Structurally speaking, the amorphous, isotropic nature of many synthetic hydrogels is a poor match for the fibrillar, oriented, and topographically diverse ECM. This results in a mismatch between the two materials: natural ECM is highly viscoelastic and has non-linear properties, and while we are only beginning to understand how these may affect cell behavior, it is clear that mechanotransduction is dependent on more than the elastic modulus alone. In the biochemical landscape of tissues, Nature sequesters growth factors and signaling molecules with affinity binding interactions, which we have imitated with covalent immobilization. This approximation has allowed us to probe these interactions, but the utility of such designs is often limited by the permanence of covalent bonds. Therefore, look for reversible reactions and synthetic matrices that can selectively sequester molecules from the body to take on a bigger role.

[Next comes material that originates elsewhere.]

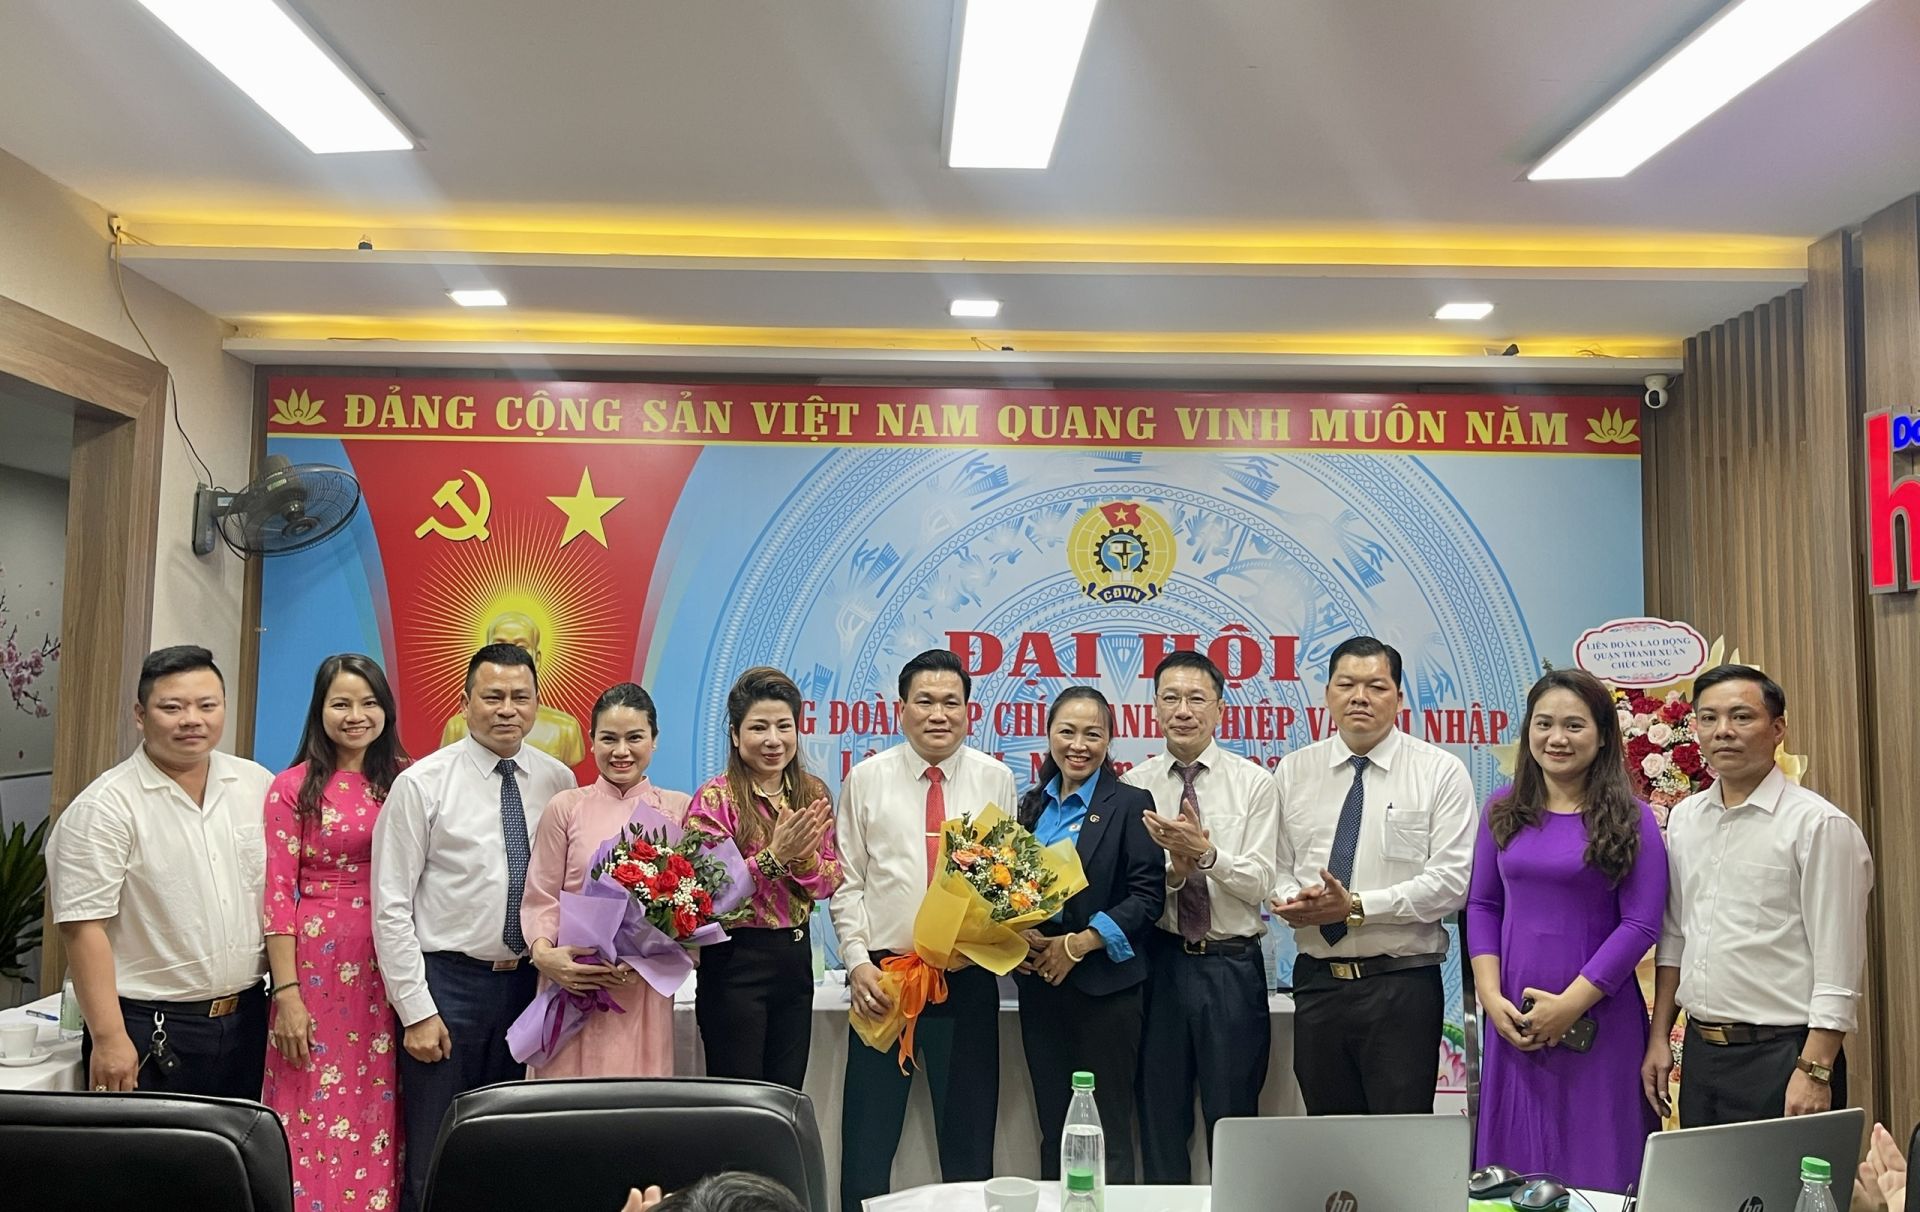 Đại diện Liên đoàn lao động quận Thanh Xuân và lãnh đạo Tạp chí tặng hoa cho Ban chấp hành công đoàn nhiệm kỳ mới

Further, the advancements in spatiotemporal hydrogels will interface with advanced manufacturing techniques in a mutually beneficial manner. This is especially true in the context of tissue engineering. Our tissues are remarkable in their complexity, which spans several orders of magnitude, from nano-structured ECM, to the mesoscale organization of cell layers, to the macroscale form of the whole tissue. It is clear that improved techniques are needed to create such objects, and it is likely to come from a variety of sources. For example, stereolithographic techniques may be used in combination with bioprinting to bridge the gap between cell- and tissue-relevant size scales, and such a strategy could be complemented with self-assembling smart materials to impart nanoscale order. Moreover, these materials will be used in concert with tissue-specific stem cells that are capable of self organizing to varying degrees. Therefore, responsive and dynamic materials will also be used to coax these processes along the appropriate paths. On the other hand, as improvement in vascularization techniques allows us to create larger tissue constructs, we will no longer be able to rely on the relative clarity and low scattering of the hydrogels currently in use. Longer wavelengths of light including visible and near-infrared will be useful in this regard, and may be used with upconverting nanoparticles to perform many of the same reactions currently in place. Moving forward, we will also need improved tools to monitor not only how cells are behaving in these matrices, but also the effect they have on responsive or permissive scaffolds, and whether signals we have introduced remain in place and active. Dynamic matrices sit at a critical juncture between materials science and biology; as increased knowledge of 3D and 4D biological processes helps inform the design of spatiotemporal materials, these materials will in turn be used to further our understanding in the field of regenerative medicine.

Conflicts of interest

There are no conflicts of interest to declare.

Acknowledgements

The authors are grateful to Alex Caldwell for helpful discussions and to E. Kyburz for assistance in figure illustration. Funding for this work was provided by the National Science Foundation (Division of Materials Research Grant 1408955), the National Institutes of Health (Grant DE016523), the NSF GRFP, and the NIH/CU Molecular Biophysics Training Program (T32 GM-065103).